Ronald Reagan At 100: The Great Communicator
One hundred years ago this Sunday, Ronald Reagan was born in Tampico, Illinois.
To commemorate President Reagan’s centennial year, this article will look at five of his most famous communications moments, each demonstrating why he earned the moniker, “The Great Communicator.”
Moment One: February 23, 1980: “I’m Paying For This Microphone!”
Ronald Reagan and George H.W. Bush were running a close race in New Hampshire in 1980 when a ruling by the Federal Elections Committee forced the newspaper sponsoring the debate to withdraw its funding.
Mr. Reagan decided to underwrite the entire debate himself after Mr. Bush declined to pay for half. So when the newspaper’s moderator tried to cut Reagan’s microphone after he tried to get five other candidates included in the debate, Reagan snapped, “I am paying for this microphone, Mr. Green!”
Two things are interesting here. First, he got the name of the moderator wrong (it was “Breen,” not “Green.”)
Second, although Reagan’s anger seemed authentic, it was also probably not an improvised line. His Hollywood contemporary, Spencer Tracy, used an almost identical line in the movie State of the Union.
None of that mattered. Reagan won New Hampshire in a landslide, and this moment paved the way for his ascension to the White House.
Moment Two: October 21, 1984: Second Debate Against Walter Mondale
In his first debate against challenger Walter Mondale, Mr. Reagan appeared sluggish. So he anticipated he would be questioned about his age during the second debate (he was 73 at the time).
When The Baltimore Sun’s Henry Trewhitt asked about his fitness for office, Mr. Reagan pounced with a now iconic line that perfectly demonstrates how humor, paired with a total lack of defensiveness, can be the best tonic to disarm one’s critics.
Moment Three: January 28, 1986: The Challenger Disaster
For my generation (I was born in the early 1970s), the Challenger explosion was our “Kennedy assassination” moment – everyone I know remembers exactly where they were when they heard the news.

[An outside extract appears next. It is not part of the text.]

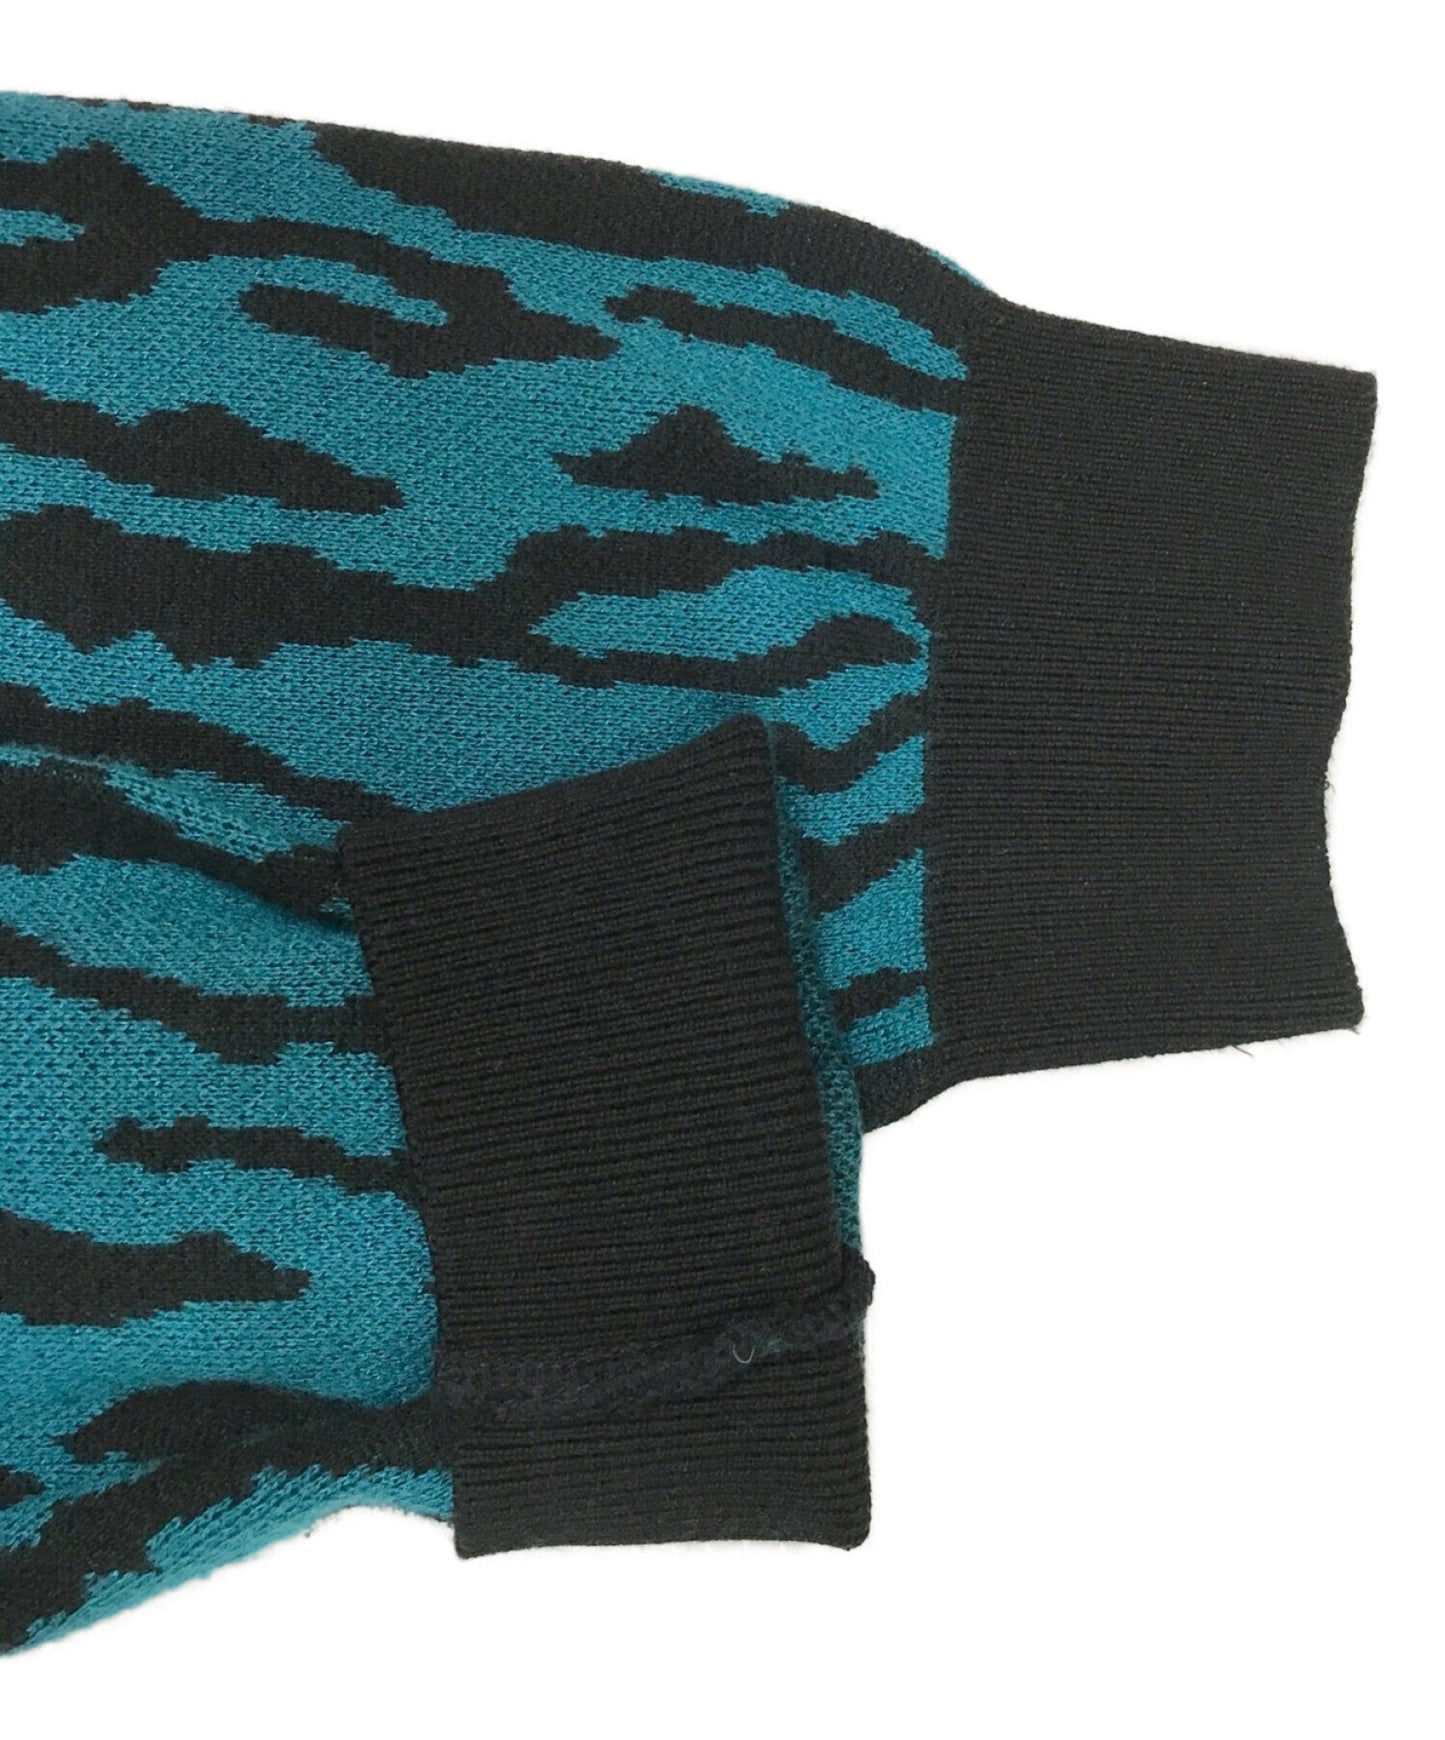 [Pre-owned] WACKO MARIA Leopard Knit Polo Shirt 22fw-wmk-kn21

President Reagan took to the airwaves that evening, pain etched on his face as it was on ours. He struck a perfect tone on that night – sensitive but unwavering, avuncular but direct. If ever a president delivered the closing line of a speech better than this, I haven’t seen it:
“We will never forget them, nor the last time we saw them this morning, as they prepared for their journey and waved goodbye – and slipped the surly bonds of Earth to touch the face of God.”

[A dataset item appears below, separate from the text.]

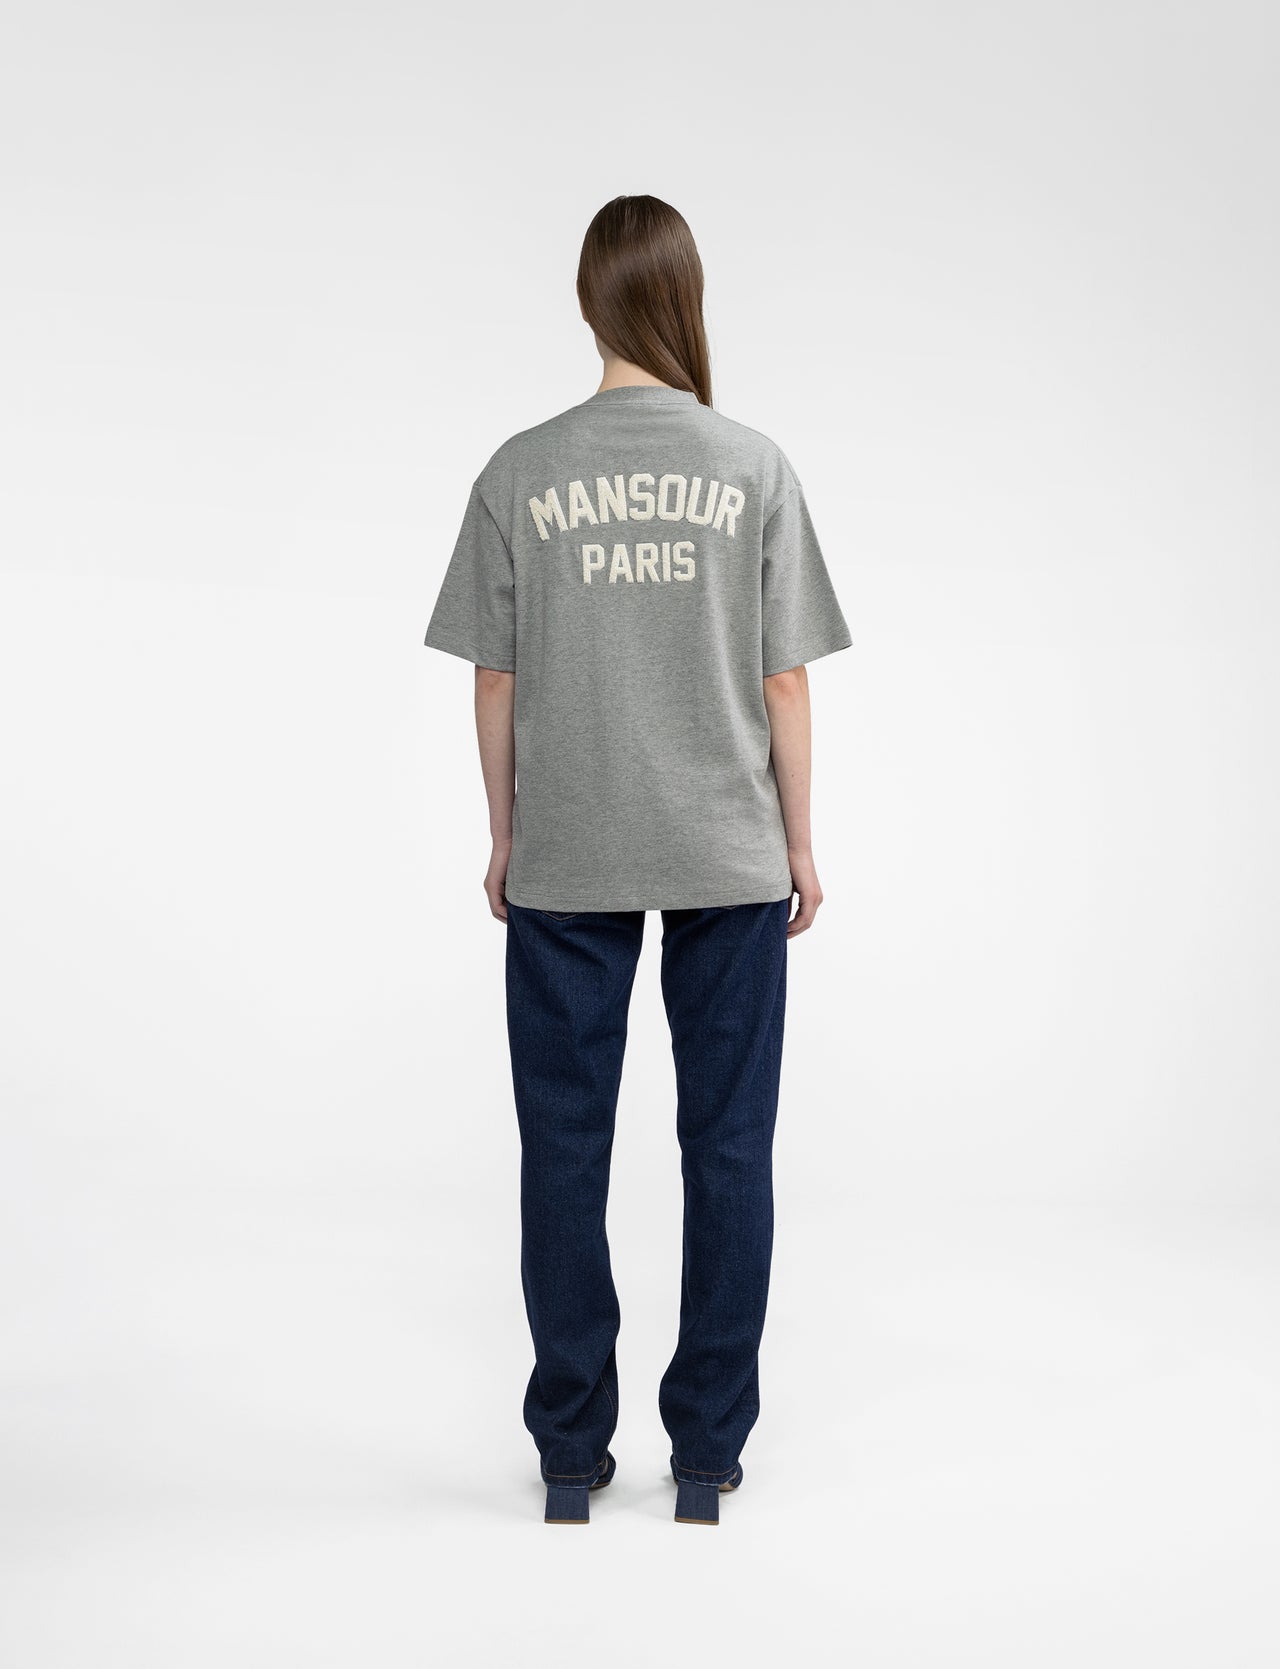 Paris College T-shirt grijs gemêleerd

Moment Four: June 12, 1987: “Mr. Gorbachev, Tear Down This Wall”
Coming toward the end of the Cold War, Mr. Reagan’s demand of his Soviet counterpart represented the perfect media sound bite. The oft-repeated phrase left no room for confusion – Mr. Reagan wanted the Berlin Wall down, and now.
Notice how he waited for the crowd’s cheers to die down before delivering the line. He knew its power, and wanted to deliver the television-friendly phrase in the most impactful manner possible.

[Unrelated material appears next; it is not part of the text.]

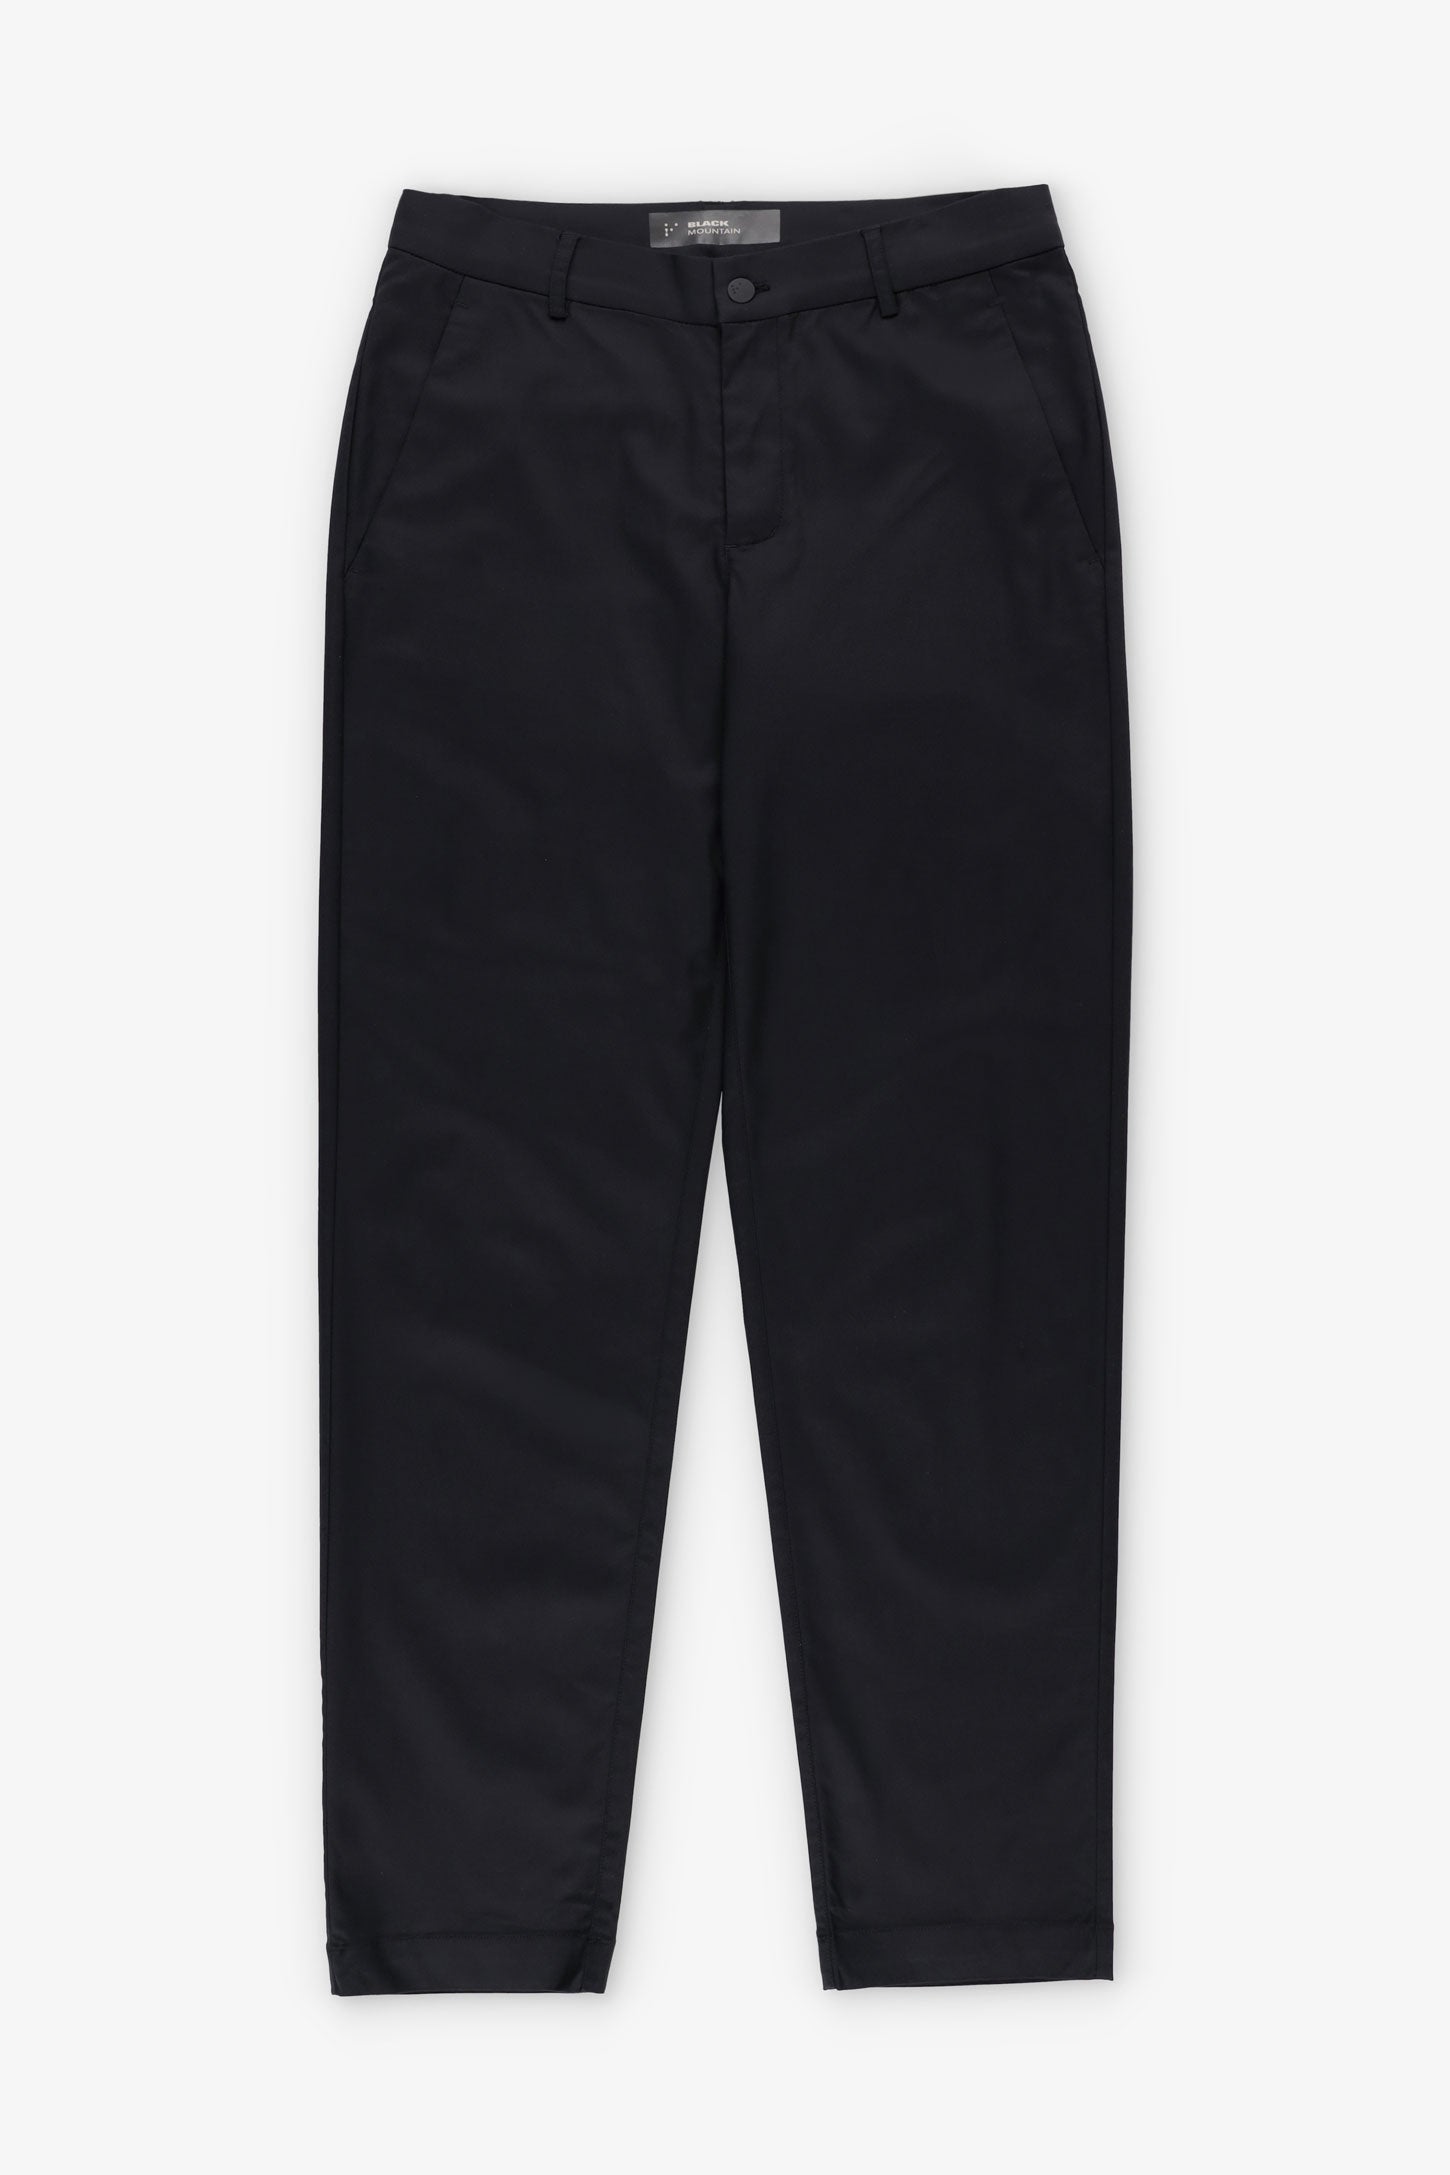 Black Mountain Trousers

Less than three years later, the Wall was gone. Mr. Reagan’s speech wasn’t solely responsible, of course – but it was a crucial moment in the Wall’s history.
Moment Five: January 11, 1989: Farewell Address From The Oval Office
This speech is best remembered for Reagan’s reference to a “shining city upon a hill.” But upon watching this video, I was struck more by his analysis of his nickname, “The Great Communicator.”
“I never thought it was my style that made a difference,” he said. “It was the content.”
I’m not sure he was right. He didn’t sweep 49 states in 1984 due to his policy positions alone; rather, his ability to use his oratorical gifts helped him reach voters who wouldn’t ordinarily give an “R” another look.
His farewell address feels other-generational. If a president infused an address with this much poetry today, it would almost certainly be mocked as “cheesy.” But Reagan pulled it off, and it’s worth a look.